The sharing of coronavirus emergency relief items in Lagos State was marred by poor communication, which led to misinformation about the intended beneficiaries, political favouritism, and random distribution, a report by the Centre for Democracy and Development (CDD) stated.
The state government promised to share 200,000 food relief packages among the 20 local governments in the state.
The items were to serve as palliatives for poor Lagosians affected by the lockdown in the state, imposed to check the spread of coronavirus.
More than half of about 343 coronavirus cases in Nigeria are in Lagos.
Misinformation about beneficiaries
The report stated that despite the state governor’s clear statement that the items were meant for some of the most vulnerable people in the state, the distribution was marred because the government subsequently failed to properly inform residents leading to misinformation and false expectations.
In fact, officials sent to distribute the items were not properly informed about the intended beneficiaries and could not dispel the misinformation around the distribution of the items.
“These people are those that fall below the pyramid, the aged and the physically challenged who need to move from one part of the city to another for them to have a living. We felt that as a government, the least we can do is to identify them and give them these stimulus packages immediately,” The governor, Babajide Sanwo-Olu had said.
However, many residents of the state thought the items were meant for everyone.
“The announcement widely misinterpreted by many Lagos residents led to some controversies with many people who are not on the category of vulnerable ones expecting to benefit from the palliative packages,” the report stated.
For instance, residents of Zone 3 in Alimosho local government complained about the quantity of the relief materials provided by the government to all its residents.
“According to the residents, the government delivered two small sachets of tomato paste, about 15 cups (about 1,800 grams) of both rice and beans for the entire members of the community. These items were packaged in sacks – tagged COVID-19 Emergency Food Response.
“In Ikotun area of Lagos, an unidentified man while making delivery of three sacks (about 30 cups of rice in each sack) and three big loaves of bread said the items were from the Lagos state government and the Ikotun Local Council Development Areas (LCDA).
“In addition, a government representative captured in the video said although he cannot say for sure how many people the food items could support, he was at the venue to only make the delivery,” the report stated.
According to Involve Africa, which was contracted by CDD to monitor the distribution of the items, in several places, political consideration was “the main formulae for identifying beneficiaries.”
“Our monitors observed that partisanship became the main formulae for identifying beneficiaries.
“CDD gathered that the state government did not spell out any distribution plan for the relief materials as food items were allegedly distributed based on political party favouritism.
“For example, in Ejigbo Local Government Area of Lagos, political party loyalties and members were the only people provided with food materials,” the report stated.
Another factor that marred the distribution of the relief items was the random mode the items were distributed in many communities in the state.
The report observed that this led to discontent among residents and in some areas large crowd of people gathered at the distribution centres thus defeating the principle of social distancing critical to slowing the spread of the pandemic.
“CDD’s downstream monitors observed that there is currently no definite mapping or distribution schedule for the Emergency food items from the Lagos state government to the people.
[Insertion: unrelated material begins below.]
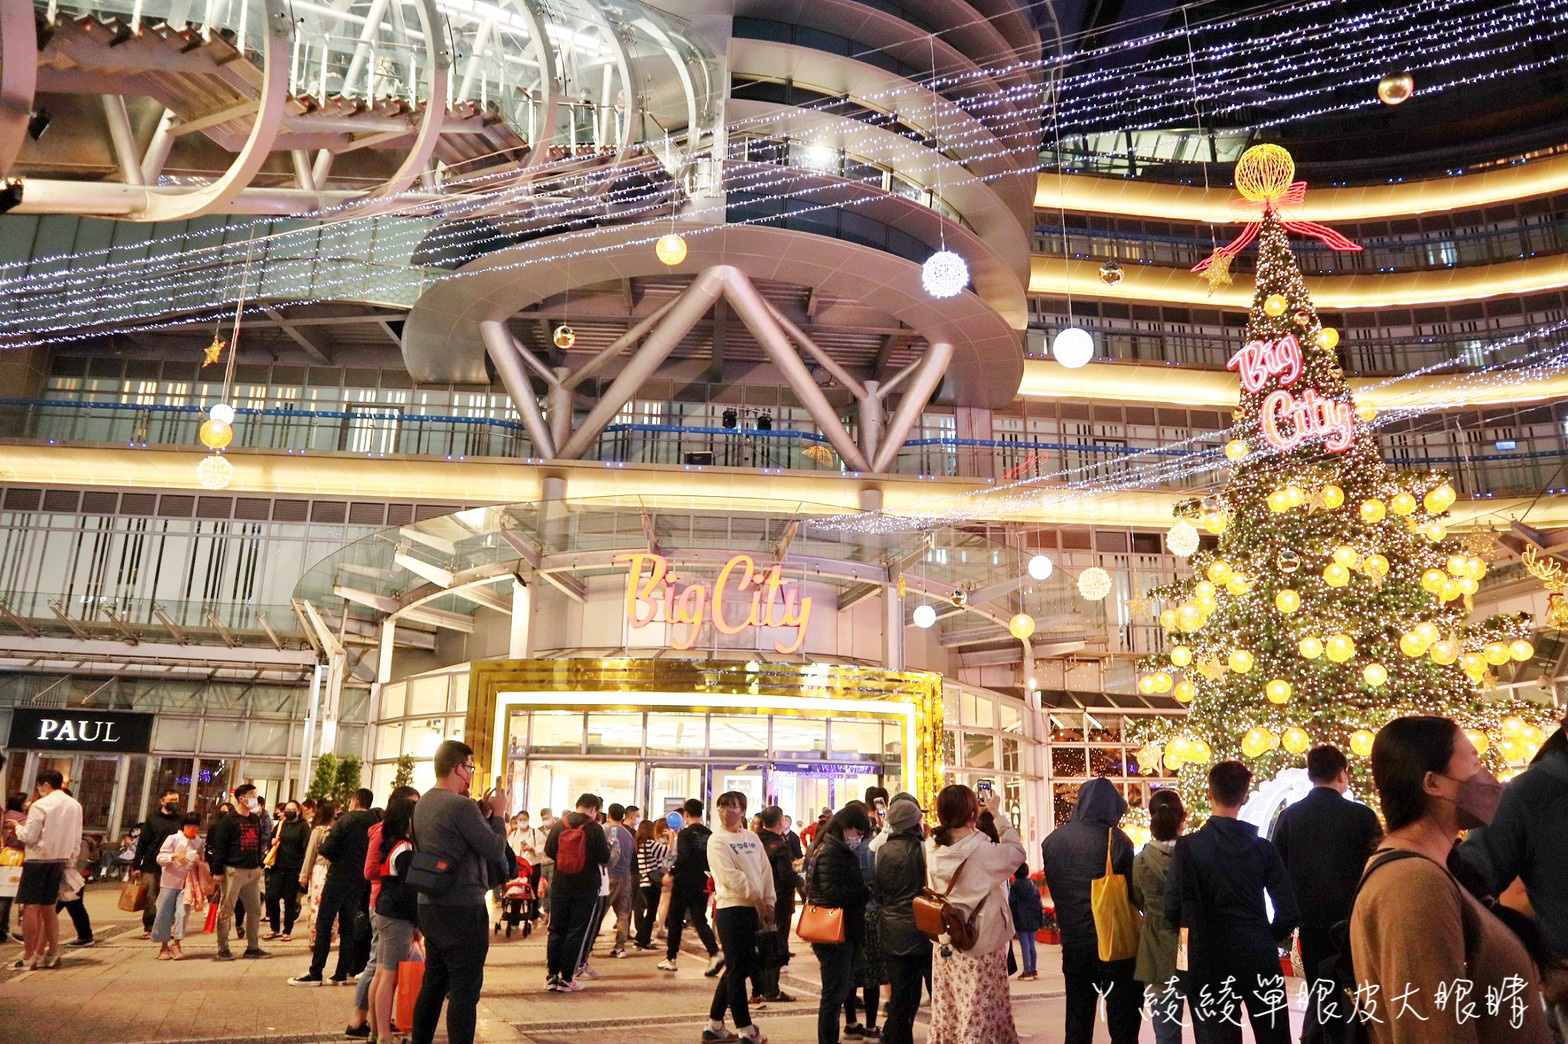 ﻿新竹巨城聖誕樹點燈儀式本週六登場！15米高聖誕樹即將亮起，重溫滿滿的聖誕氛圍

Most of the Lagos state residents who fall into the category of those who need the materials barely got any item.
“It was also observed that the state government failed to work with local government heads of chairpersons who could identify those in dire need of these reliefs and as well give an account of beneficiaries of these items.
“CDD using banners, jingles and all kinds of public enlightenment materials, the centre has emphasised on the need for social distancing, a practice the Lagos state government failed to abide by in the distribution of the relief materials.
“Most of the instance recorded by the CDD, residents were seen clustering among each other and defying the social distance advice of maintaining a 1-2 meters distance between each other as approved by experts.
“Also, none of the people both the government representatives and the residents were protected with either masks, gloves or any of such.
“This was observed in cases like the distribution in Badagry, Alimosho and many other locations were Involve Africa visited.”
Alleged sharp practices
There were also widespread allegations among residents that officials in charge of the distribution of the items either diverted them or repackaged in smaller quantities.
“In Anuooluwapo community in Igando, residents were seen protesting the materials released and delivered by the Lagos state government.
“The relief materials which were expected to cushion the burden of citizens on the streets was met with worry from community officials on distribution pattern as it was observed that the items would not get to the all vulnerable people in the locality.
“It was alleged that in some local government areas, the food relief material meant for the residence were repackaged and sealed back before distributing them to residents.
For instance, there was pandemonium at Ikorodu near Olowu Market in Ikeja as residents who came out for the food items and other materials provided by the Lagos State government protested against indiscriminate distribution of the items.
“The protesters claimed that tickets for the purpose had been given to some people at midnight ahead of the exercise, which was to commence the following day, thereby making it impossible for those who were on the queue to be attended to.
“Also, Involve Africa, monitoring team reported that there is poor communication from the Nigerian government in respect to collection points by residents of communities,” the report stated.